Defining a Service
A service is a discrete piece of functionality that provides value and is wholly owned by one team.
At PagerDuty, we think about a service as a discrete piece of functionality that provides value and that is wholly owned by a team. Our definition is this specific because it refers to an infrastructure composed of distinct services that are written as separate pieces of code, but it also applies to parts of our monolithic codebase, and even to external tools. With that universality in mind, we find this definition to be particularly helpful regardless of your current architectural model, and we encourage its use.
For your organization, a key first step is to come to a shared understanding of the boundaries of a given service and to figure out who its key stakeholders are. If there are multiple teams contributing, maintaining, and supporting the given service, understanding the boundaries and stakeholders becomes even more important.
Take the following steps to help create that shared understanding:
Define the team that will own the service. Start by considering who is responsible for the service you are defining. A service should be wholly owned by the team that will be supporting it via an on-call rotation. If multiple teams share responsibility for a service, it's better to split that service up into separate services (if possible). Some organizations call this "service mitosis"—splitting one cell into two separate cells, each looking very similar to the former whole. There are several methods for deciding how to separate services like, for example, splitting them up based on team size or volume of code they manage. You can read more about how we did that at PagerDuty.

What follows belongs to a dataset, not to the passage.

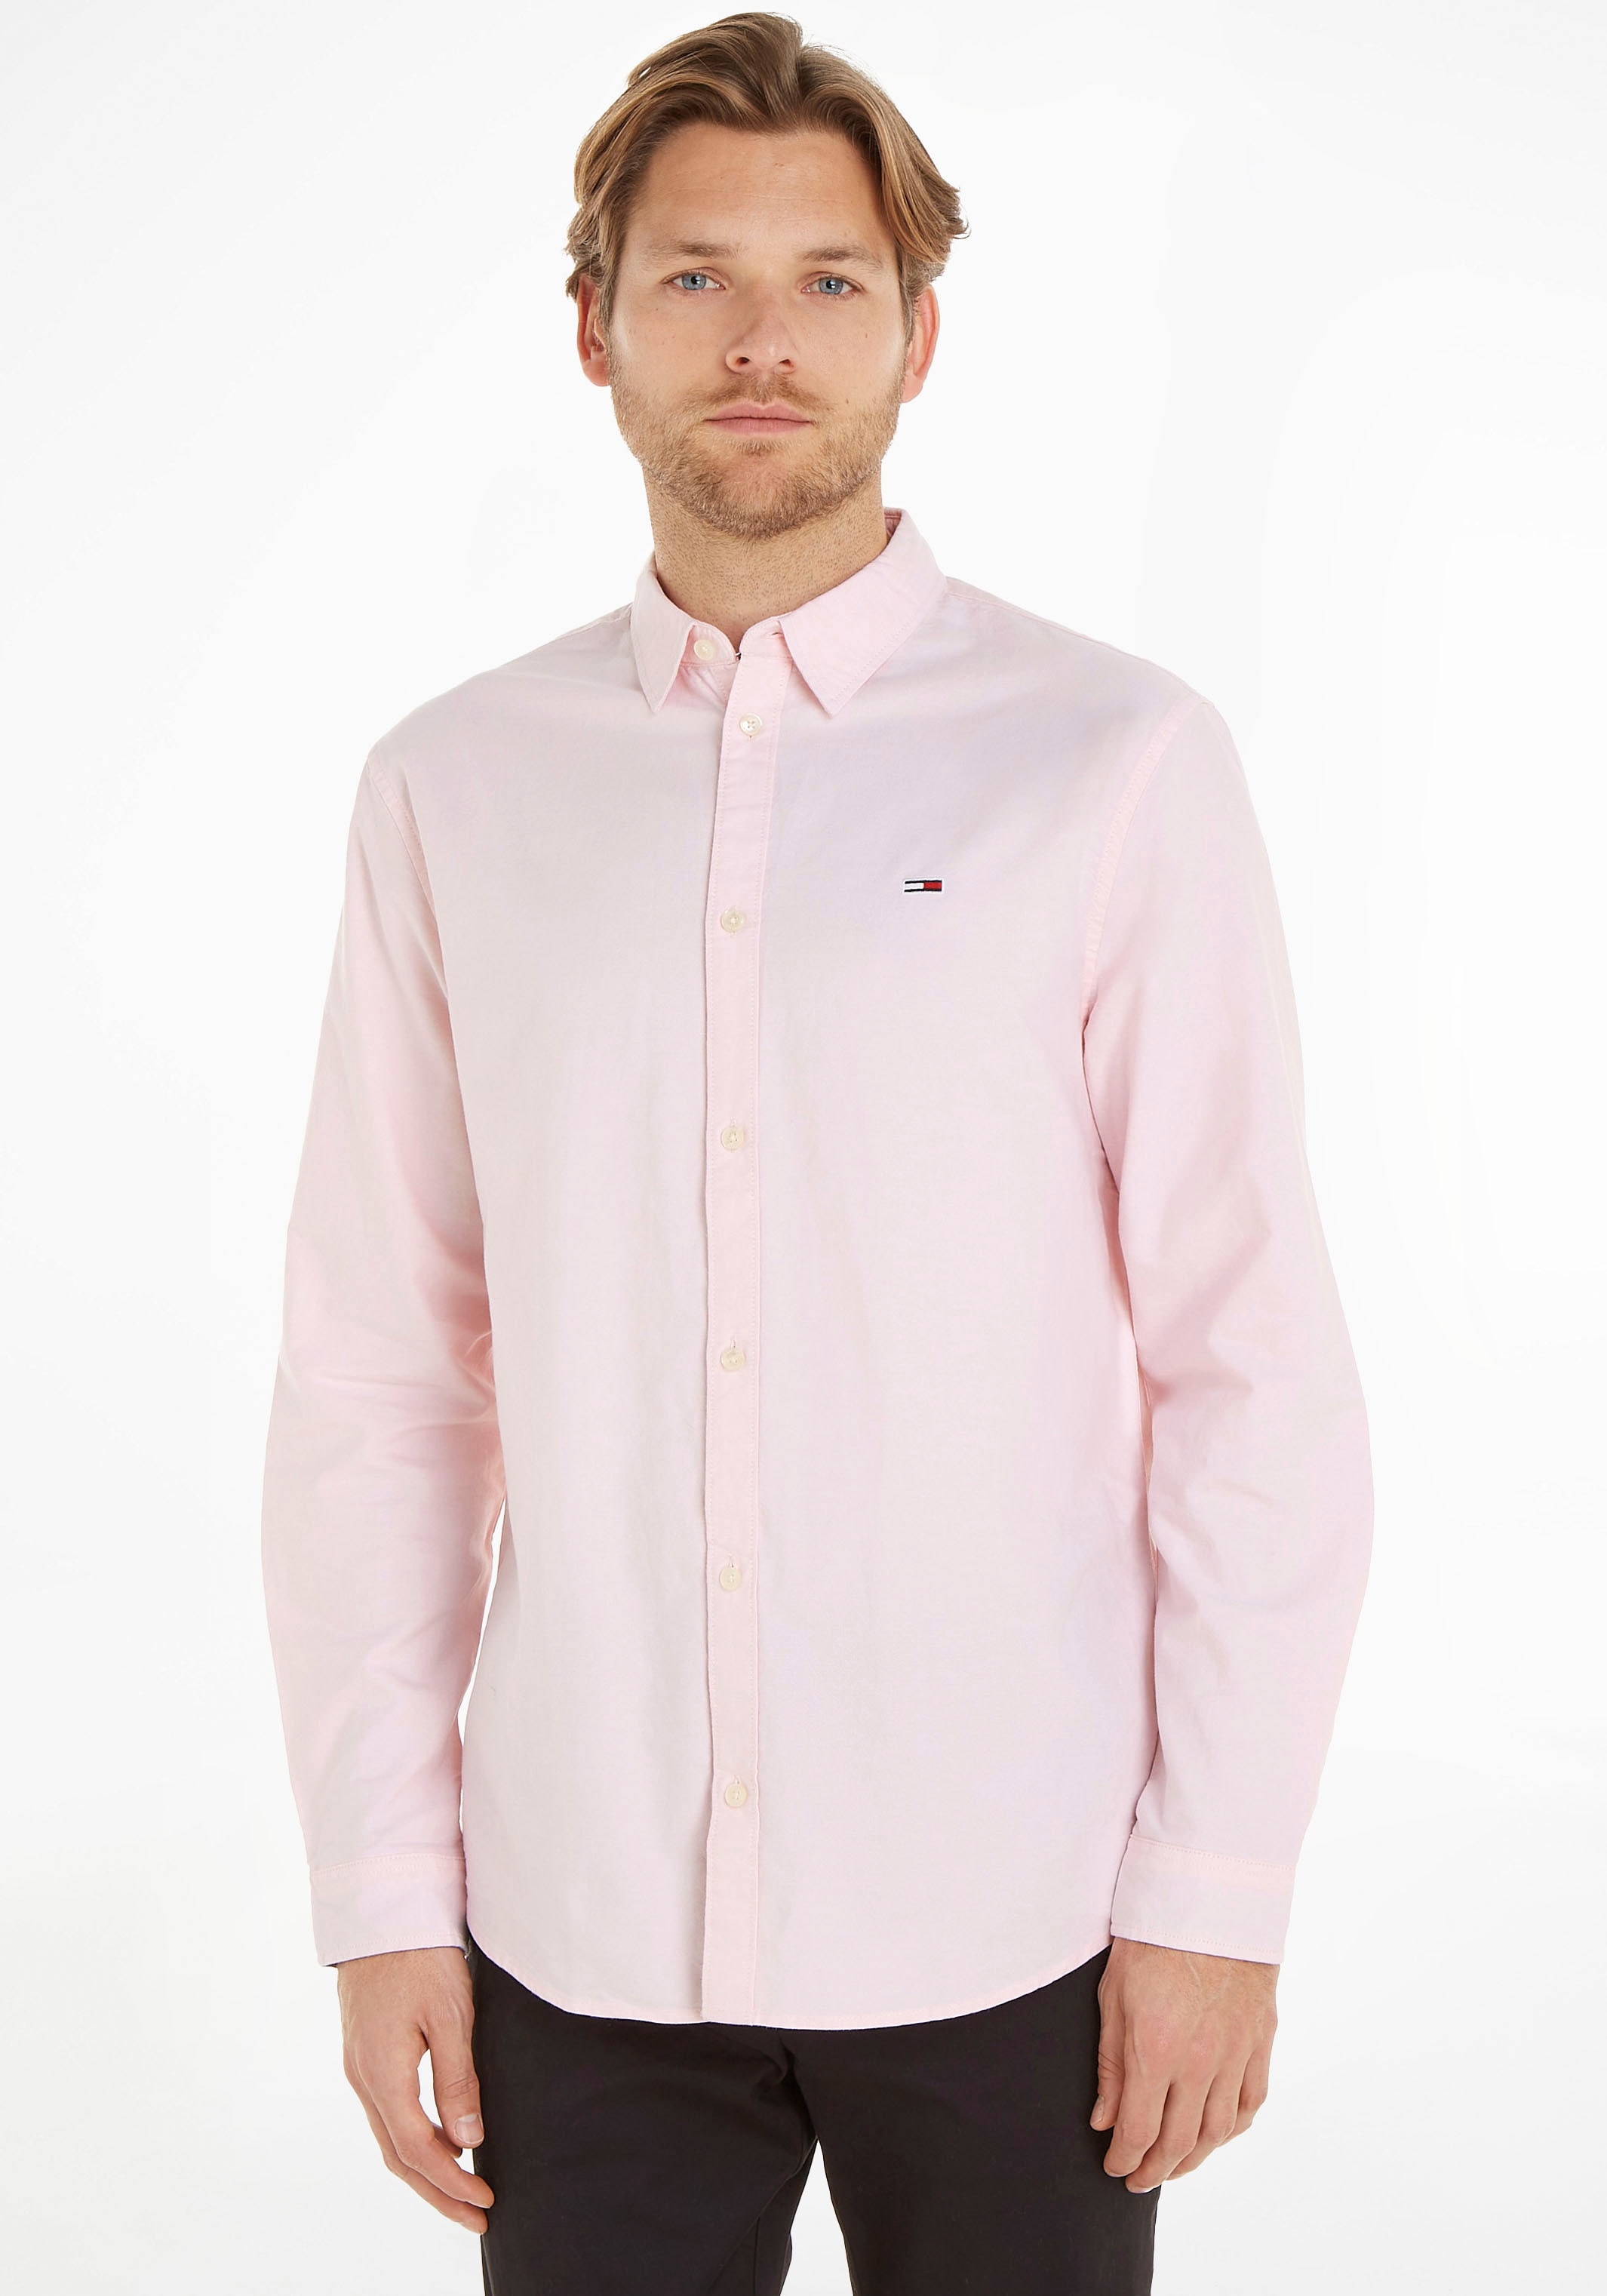 Tommy Jeans CLASSIC Langarmhemd SHIRT«, OXFORD »TJM online mit bei Knopfleiste

Set up the on-call rotation for this service. Ensure that the people on the team share responsibility for ensuring availability of the service in production. Create on-call schedules that rotate individuals and back-up responders on a regular cadence, as well as policies that include escalation contacts.
Ensure the team is sized correctly. Services should be set up granularly enough so that the members of that team are able to quickly help identify the source of problems. This can apply to creating a service with a scope so large that the knowledge necessary to support it is beyond what's contained within the team. But it also applies to scoping a team in a way that is too small. For example, if two microservices effectively behave as one, and fixing a problem on one means also fixing it on another, then it might make sense to combine them.
If you have a monolith, consider how you will address on-call responsibilities for it. Monoliths tend to be the cause of a lot of incidents, both actionable and non-actionable. If one team owns the monolith, they usually don't own any other services unless the on-call load for the monolith is low.
If multiple teams share responsibility for the monolith, consider gradually identifying different sources of functionality and routing those alerts to teams that have the right context. Although the monolith shares the same code base, each logical source of functionality you identify can be considered its own service. That logical service can be represented as a different service for your documentation, runbooks, and wikis, along with your on-call ownership in PagerDuty.
What About Dependencies?#
Don't worry about dependencies between services at the beginning—focus instead on whether something represents something you and your team are responsible for. You can add dependencies, relationships, and more after you sort out what a service means for your organization.